CloudBrush is a de novo genome assembler based on the string graph and mapreduce framework, it is released under Apache License 2.0 (http://www.apache.org/licenses/LICENSE-2.0) as a Free and Open Source Software Project.
More details about CloudBrush Project you can get under: https://github.com/ice91/CloudBrush
requirement: hadoop cluster
step 1: convert *.fastq to *.sfa
e.g. perl data/preprocessor.pl -renum data/Ec10k.sim.fastq > data/Ec10k.sim.sfa
step 2: upload *.sfa to HDFS
e.g. hadoop fs -put data/Ec10k.sim.sfa Ec10k
(You can use CloudRS(ReadStackCorrector) as preprocesser to correct sequencing errors and prepare *.sfa in HDFS. More details about CloudRS Project you can get under: https://github.com/ice91/ReadStackCorrector)

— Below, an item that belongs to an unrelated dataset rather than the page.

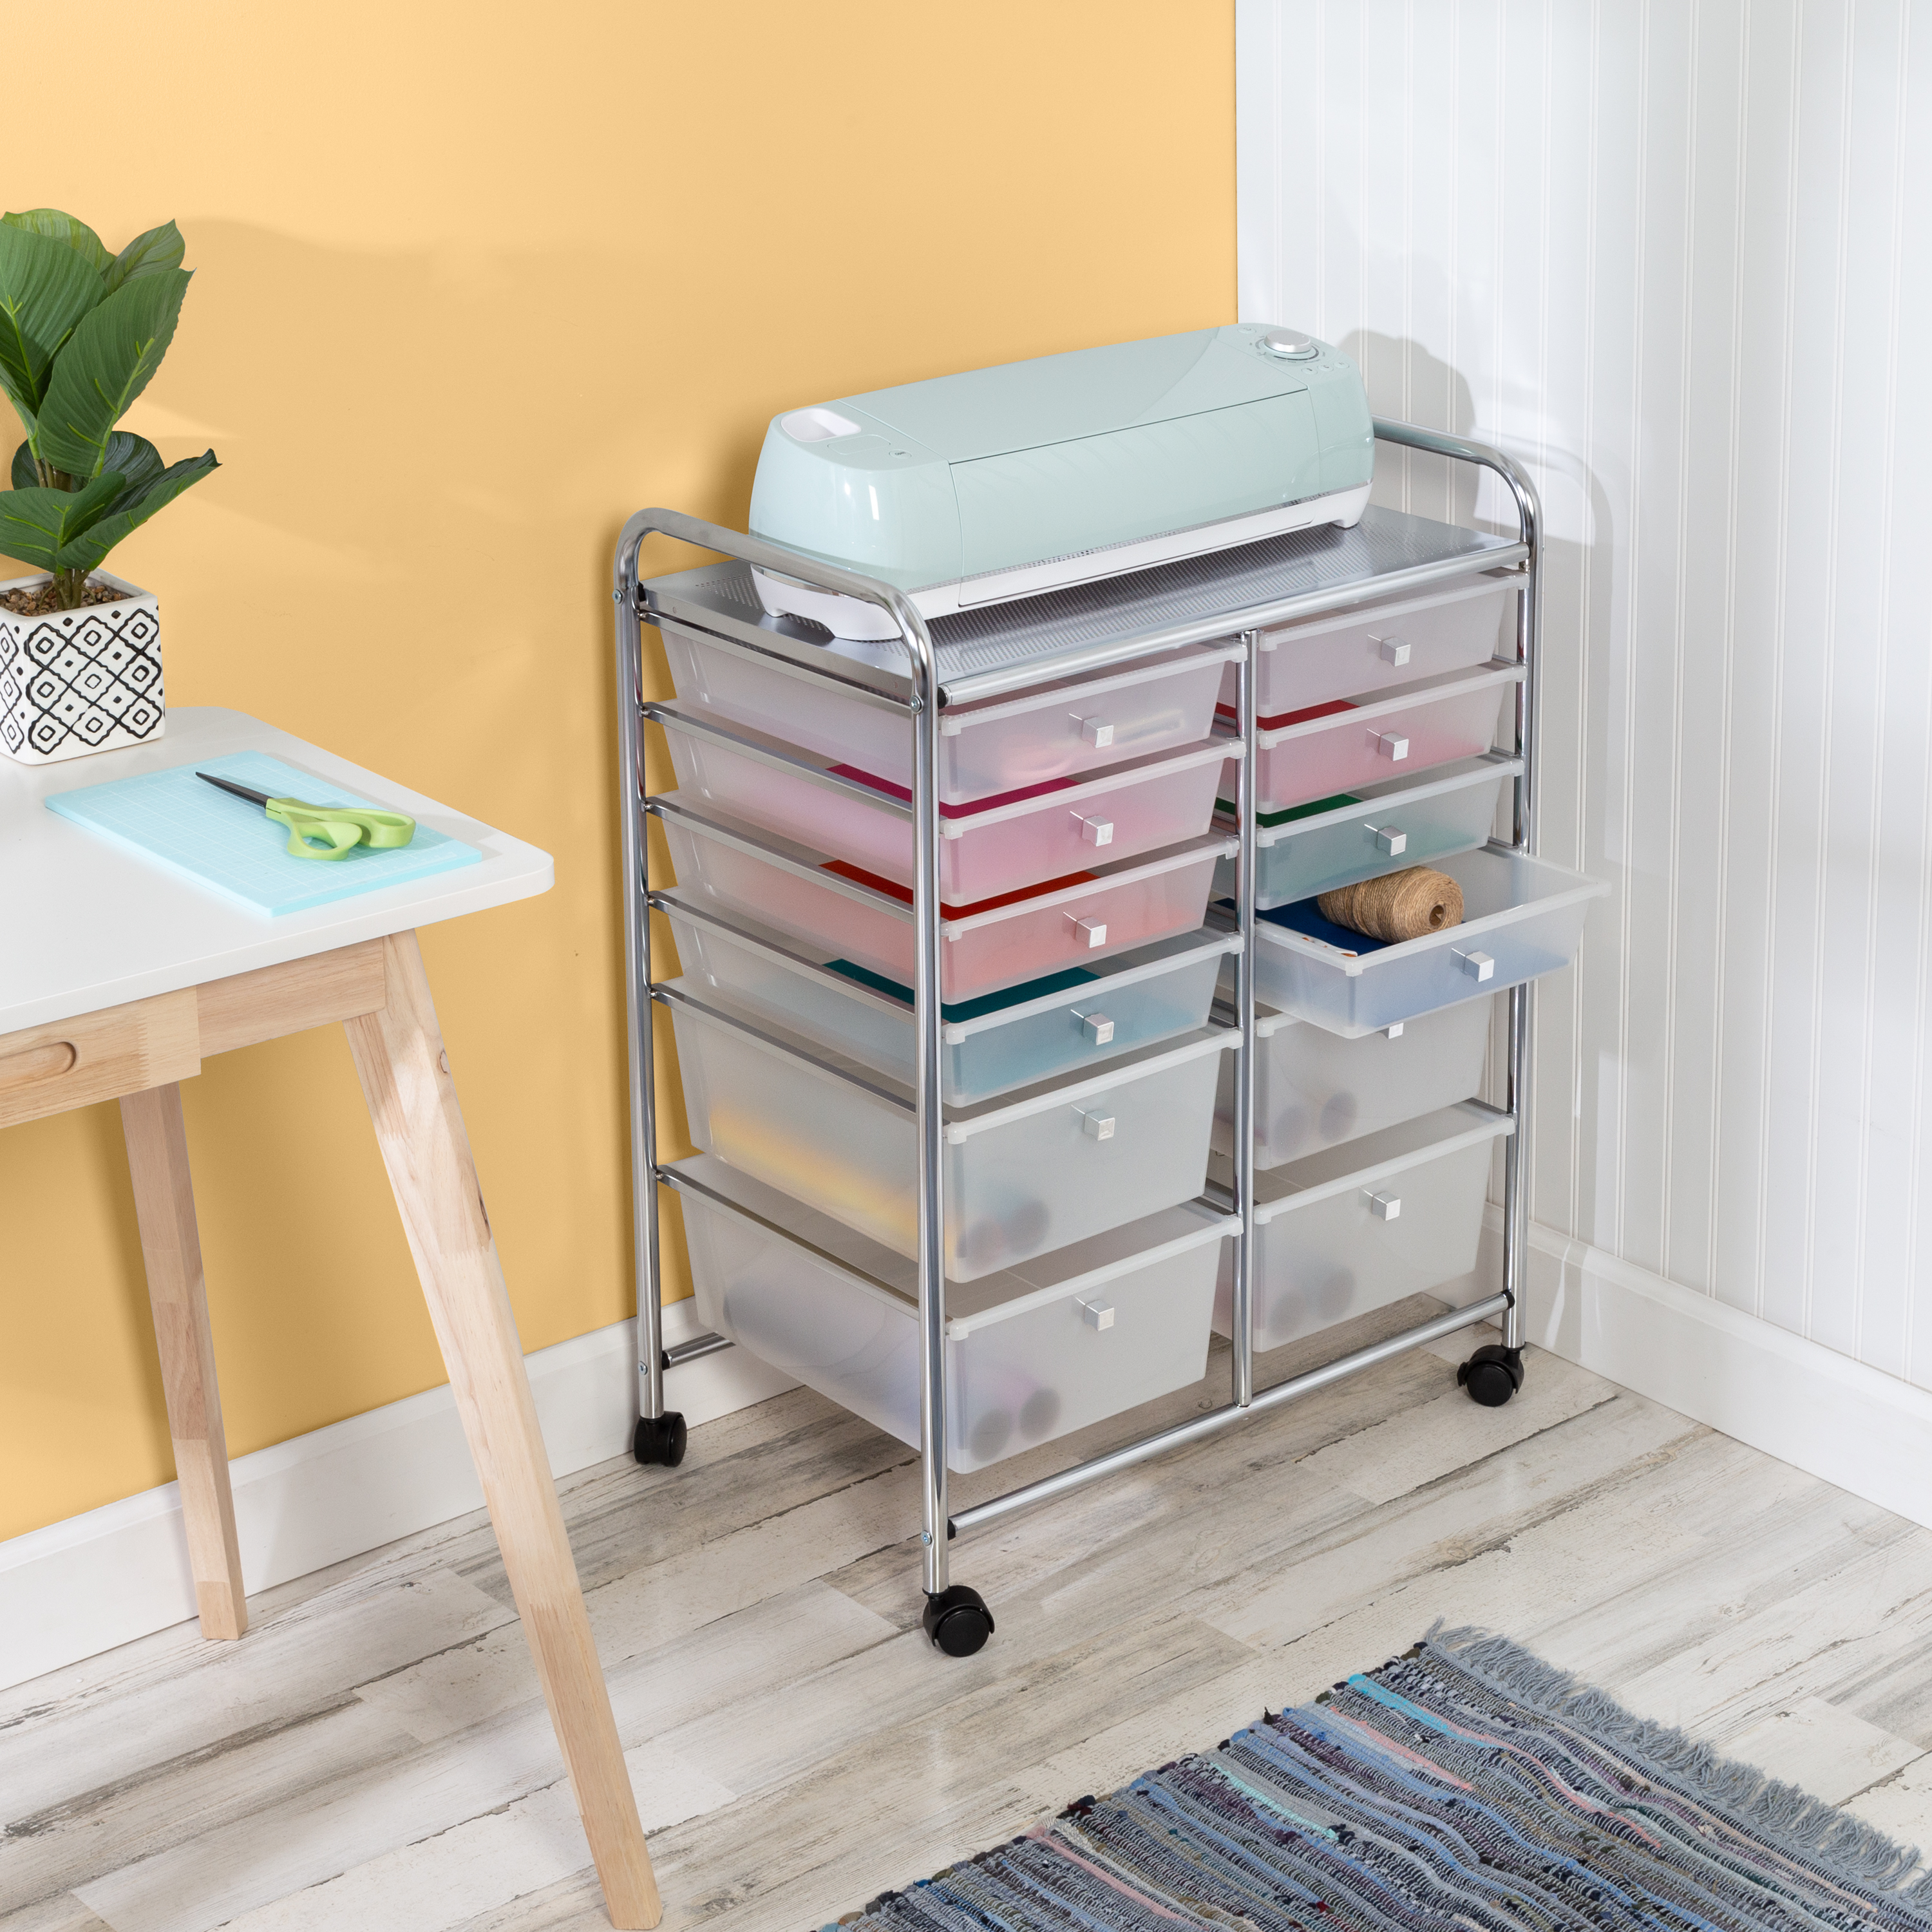 Honey-Can-Do Plastic 12-Drawer Rolling Craft Craft or Office Cart, Clear/Chrome - image 1 of 10

step 3 perform the CloudBrush using hadoop cluster
e.g. hadoop jar CloudBrush.jar -reads Ec10k -asm Ec10k_Brush -k 21 -readlen 36
e.g. hadoop jar CloudBrush.jar -reads Ec10k -asm Ec10k_Brush -k 21 -readlen 36 -javaopts -Djava.util.Arrays.useLegacyMergeSort=True
step 4 download *.fasta from HDFS
e.g. hadoop fs -cat Ec10k_Brush/* > Ec10k_Brush.fasta
[Reference] Yu-Jung Chang, Chien-Chih Chen, Chuen-Liang Chen and Jan-Ming Ho, "De Novo Next Generation Genomic Sequence Assembler Based on String Graph and MapReduce Cloud Computing Framework," BMC Genomics, volume 13, number Suppl 7, pages S28, December 2012.